[Instructions to follow] In the data below, locate the line containing "Can Oklahoma end" and the line containing "Kitty Fairy's Garden", then retype both and everything between them exactly. Pictures are not part of the copy.

[Material for the task]
__________________________________________________
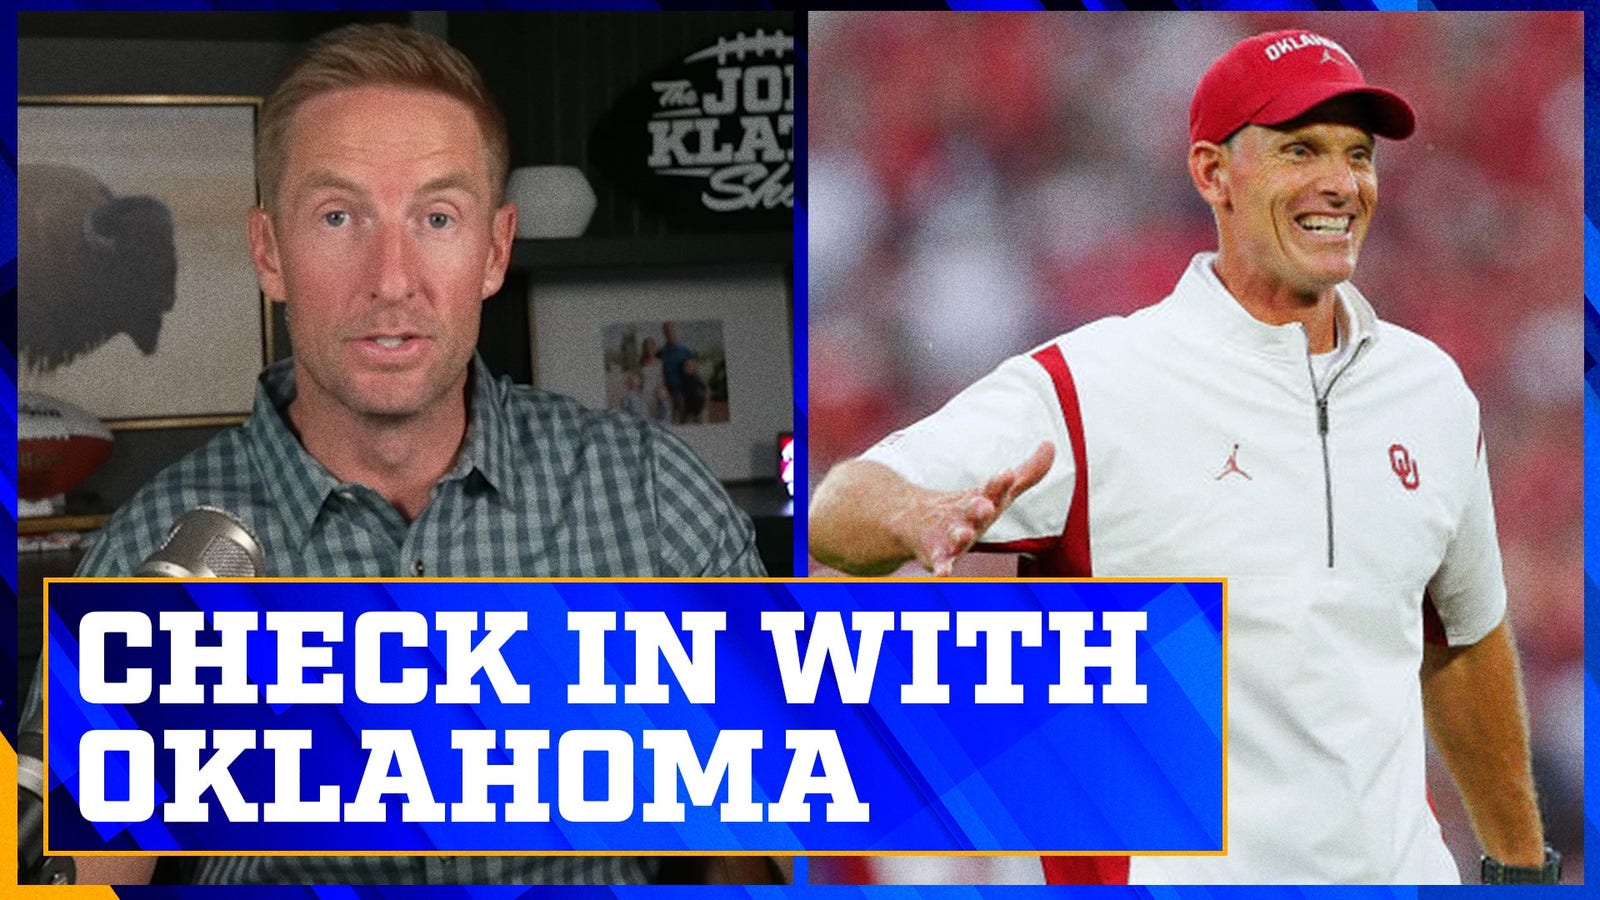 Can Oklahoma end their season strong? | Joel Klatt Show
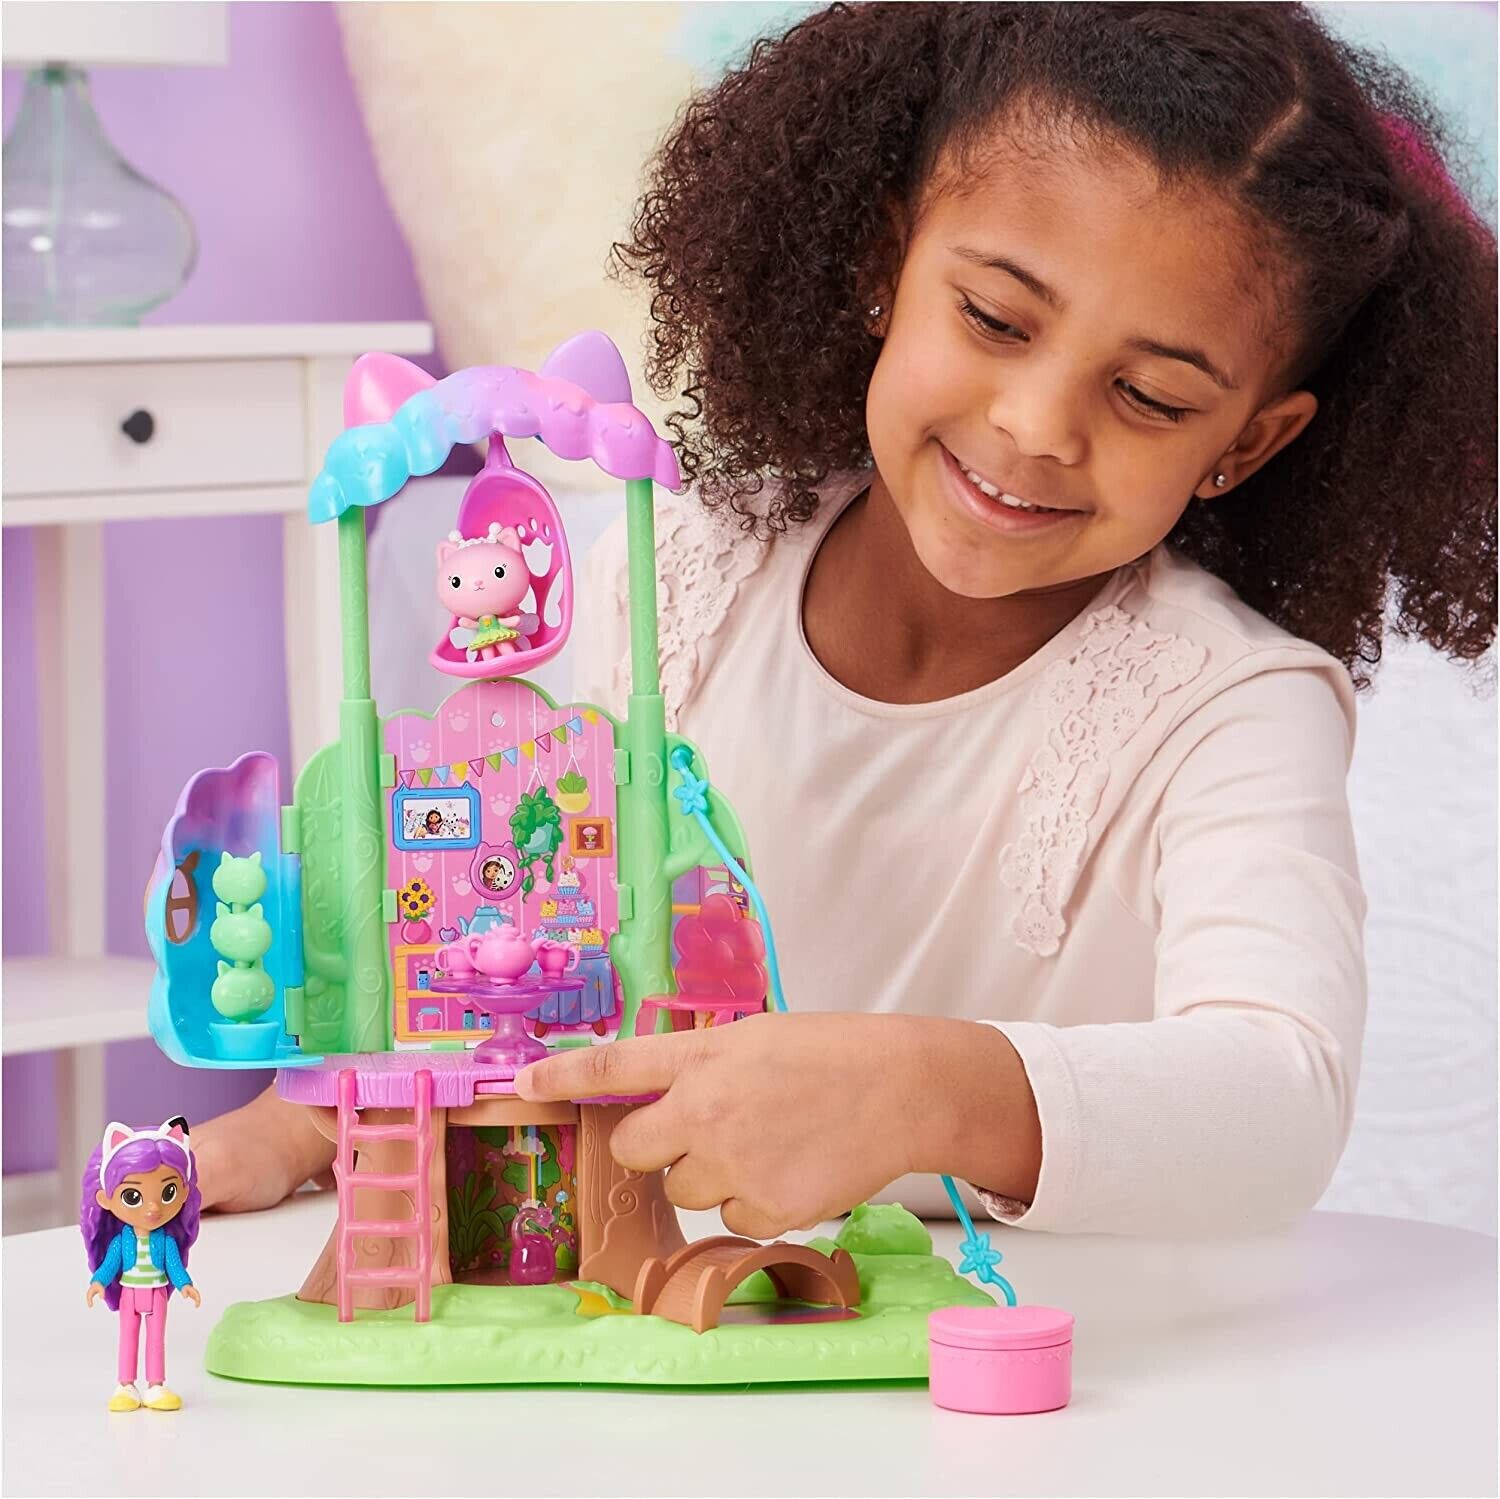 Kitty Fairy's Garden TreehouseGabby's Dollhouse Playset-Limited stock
__________________________________________________
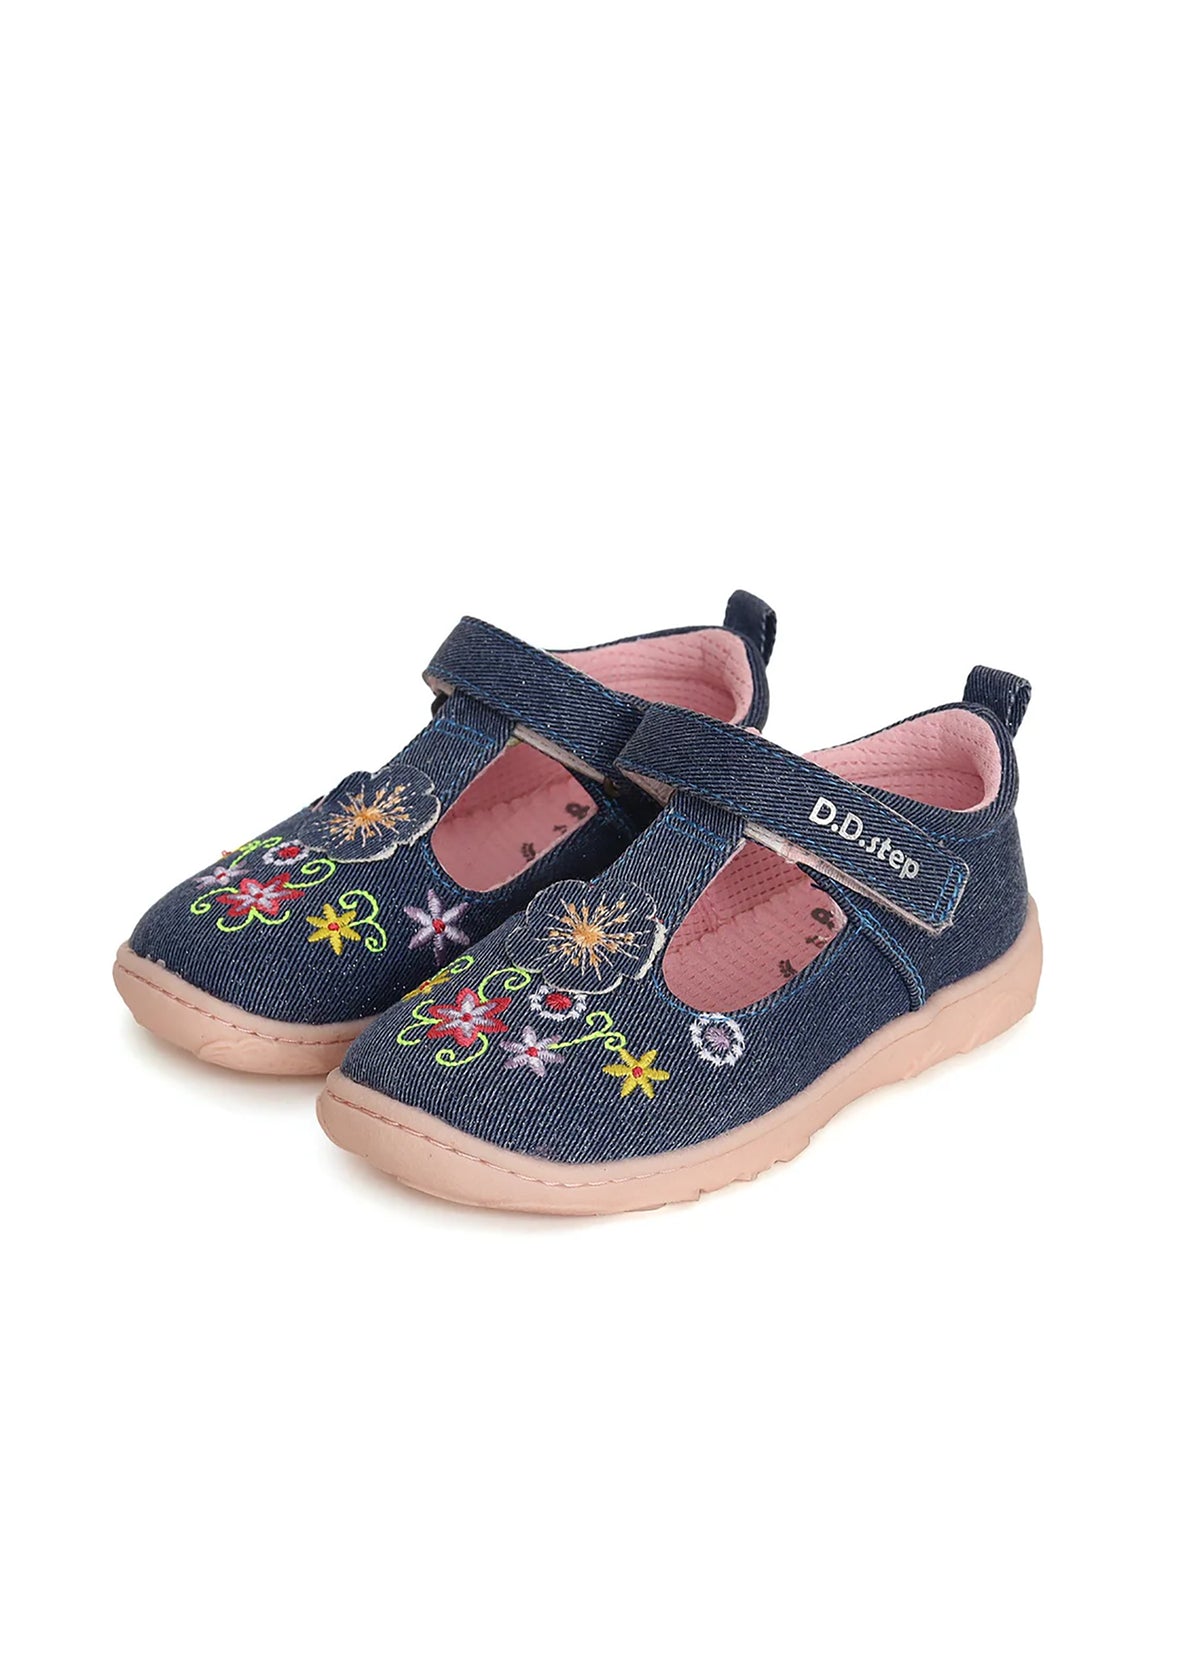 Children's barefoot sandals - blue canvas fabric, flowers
__________________________________________________
[Task answer]
 Can Oklahoma end their season strong? | Joel Klatt Show
 Kitty Fairy's Garden TreehouseGabby's Dollhouse Playset-Limited stock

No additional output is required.